Я все смогу
Шрифт:
Я стояла в дверях комнаты, совершенно оглоушенная. Руки тряслись, в голове аж щелкало от напряжения – я все пыталась что-то спросить, но правильных слов не находилось. Но спросить что-то все-таки было нужно.
– Саша, а как же дети?
Голос у меня сел от волнения, и вопрос прозвучал полухрипом-полуфальцетом, как в плохой озвучке кино у отрицательной героини.
– А что дети, что дети?! Так я и знал, что ты сейчас начнешь вот это вот всё. Я от тебя ухожу, а не от детей. Детей люблю, помогать буду. По выходным буду брать, будут со мной общаться. Если хочешь, могу вообще забрать. Хоть прям щас заберу!
Тут я начала постепенно размораживаться.
– Саш,
Саша пнул чемодан так, что половина кое-как туда упиханного вывалилась неопрятной кучей на пол посередине комнаты.
– Вот именно потому, что я не хочу никаких любовниц и устал от вранья, я и ухожу!
– Ты смотри, от вранья он устал! А кто тебя врать-то заставлял? Ты думал, я не замечаю твоего вранья? Просто мне мира в семье хотелось и тишины, без вот этих вот бразильских сериалов с кровавыми разборками. У нас дети и семья, мне проще было сделать вид, что я ничего не замечаю, чем припирать тебя к стенке доказательствами и уликами. Ведь это противно было бы и тебе, и мне, и непонятно, как жить дальше.

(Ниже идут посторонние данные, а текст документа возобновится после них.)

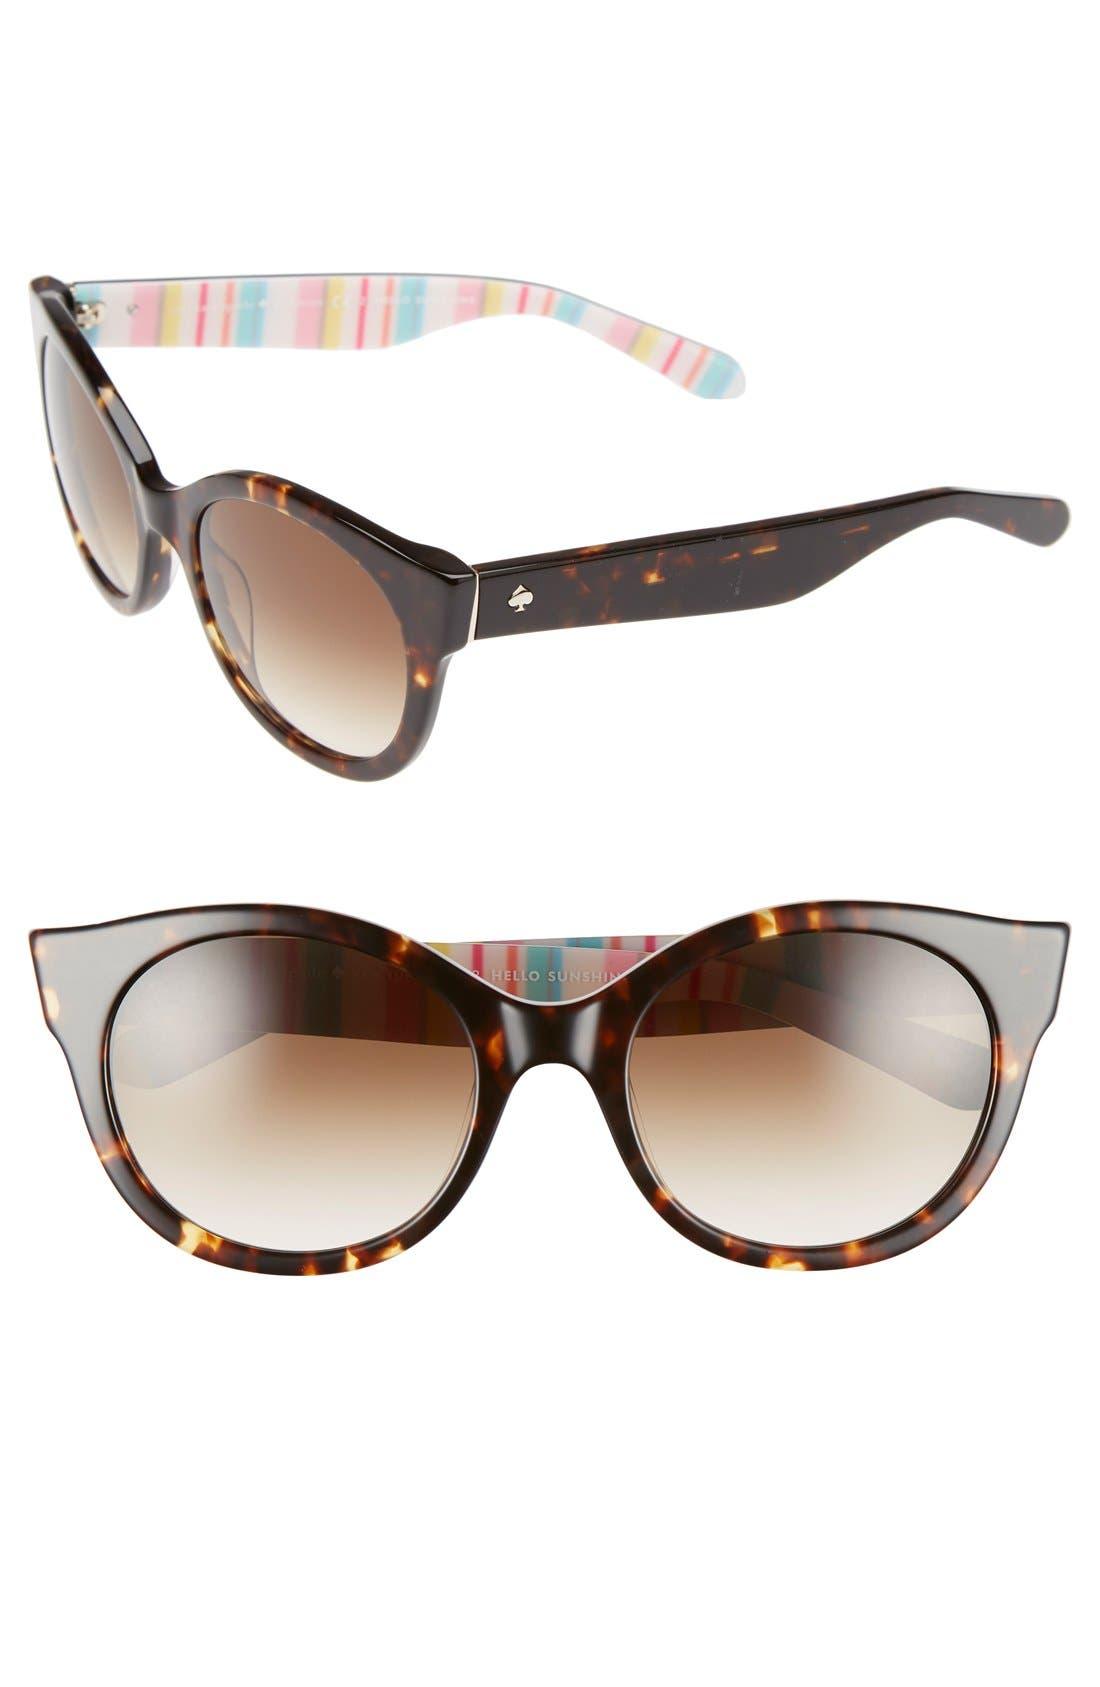 Alternate Image 1 Selected - kate spade new york 'melly' 53mm sunglasses

Саша смотрел на меня со всевозрастающим интересом, даже сел на диван во время моего монолога. Чемодан так и лежал в странной, неестественной позе, вывернув почти все свое нутро, как театральная декорация. В комнате воцарилась звенящая тишина. Оба мы как-то обалдели в тот момент, мне кажется. Саша, видимо, был уверен, что он такой умный и ловкий, а я такая глупая и невнимательная, что все его мелкие походы «налево» были для меня тайной. А я обалдела теперь уже сама от себя: ни разу я не проговаривала тему измен вот таким вот откровенным образом, даже внутри себя. Скорее, я вообще старалась над этими то и дело случающимися зацепками не думать, не замечать их и как бы пролистывать.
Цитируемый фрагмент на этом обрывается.